# Where to ACTIVATE audio input in Win Vista?



## nil_3 (Jun 18, 2008)

Whenever I want to record audio in my system, it says,
"The audio input is not activated. Recording audio is not possible. Please check your input configuration"

From where to ACTIVATE audio input. My OS is Win Vista Ultimate with SigmaTel Audio codec.


----------



## s18000rpm (Jun 18, 2008)

*img209.imageshack.us/img209/511/descapturevg8.th.jpg

if you're using mic. for recording, make sure which mic. u using.

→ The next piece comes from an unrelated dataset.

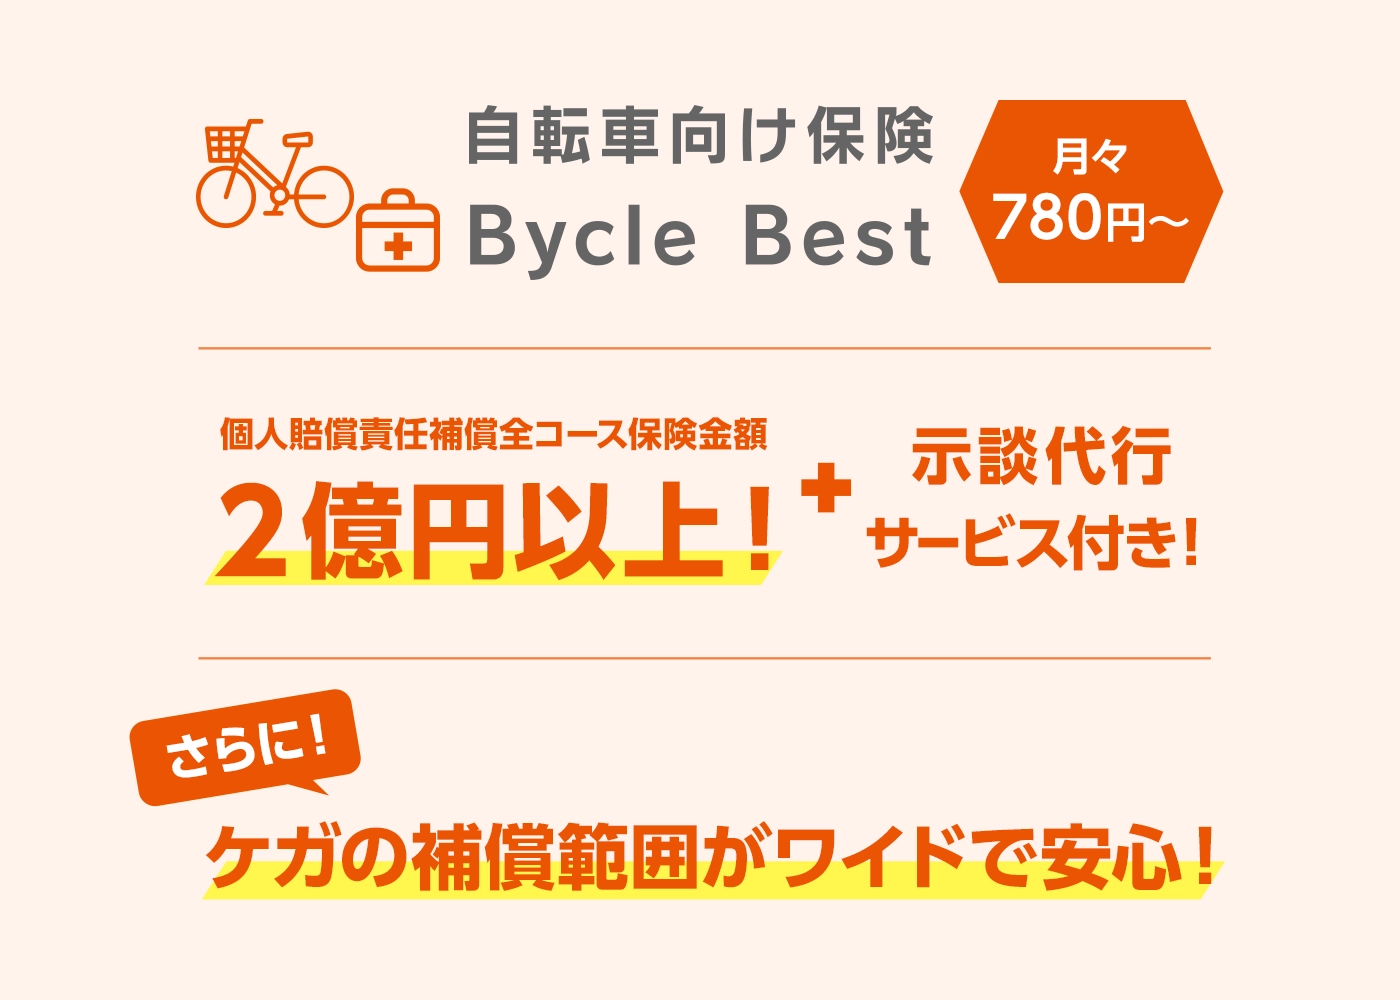 自転車向け保険 Bycle Best | auの金融・保険サービス | au
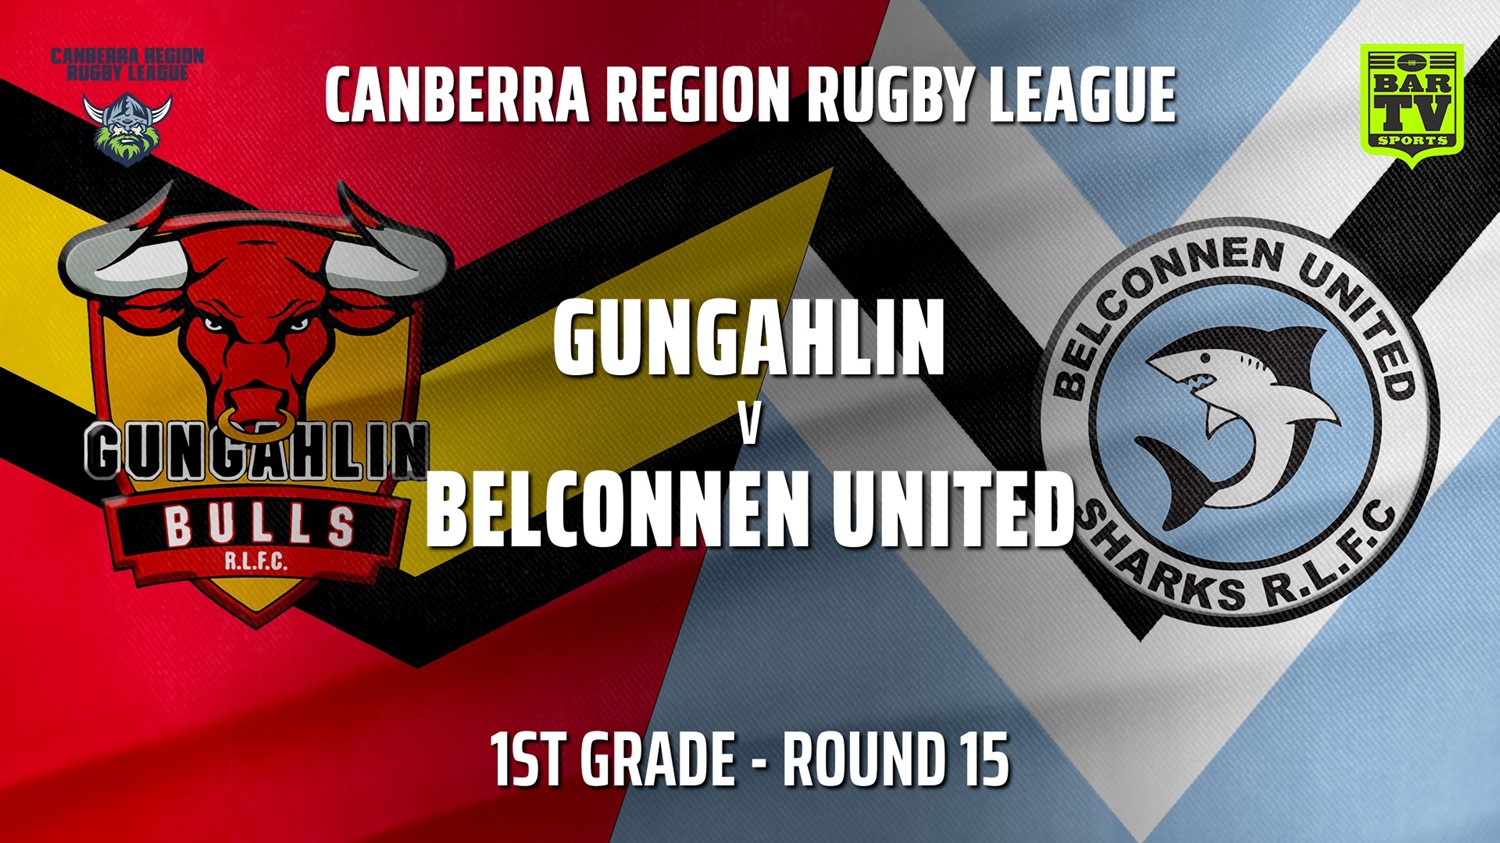 210807-Canberra Round 15 - 1st Grade - Gungahlin Bulls v Belconnen United Sharks Slate Image

i.e., "connected to front of cabinet or back."


----------



## dheeraj_kumar (Jun 18, 2008)

If its front, try putting it on the back. Your front cables might not be connected.


----------



## nil_3 (Jun 19, 2008)

Actually I want to record something by playing it in my system itself, not from any external source with microphone. From where should I activate?


----------



## nil_3 (Jun 22, 2008)

Somebody reply please. How can I ACTIVATE audio input in Win Vista? I want to record something by playing it in my system itself, not from any external source with microphone.


----------



## Krazy_About_Technology (Jun 22, 2008)

OK, heres what you should do. To record from the audio playing in your system, you must use the "Sereo Mix" device. Right click on the speaker icon in the system tray and choose Recording devices. In the dialog that opens up, there is a list of audio recording devices. There must be a mic device, a line in device at least. If stereo mix is not visible, right click on the list of devices, in the empty space somewhere and choose "show disconnected device" and "show disabled devices". This should show up Stereo Mix device besides many others like Aux etc. Now right click the streo mix device and choose Enable and then again choose "Set as default device". Now you are ready to go. Check the device's volume level and other properties by double clicking it. Then click OK to close the dialog.

Open up any recording program, for example, i use Audacity. Choose the stereo mix device for recording, whereever it is present. For Audacity its on the main interface as well as in the preferences menu.

I hope this will solve your query. Cheers!


----------



## nil_3 (Jun 23, 2008)

Thanx a lot Krazy_About_Technology. Now I can do it. Thanx again!


----------



## Krazy_About_Technology (Jun 24, 2008)

^My pleasure buddy


----------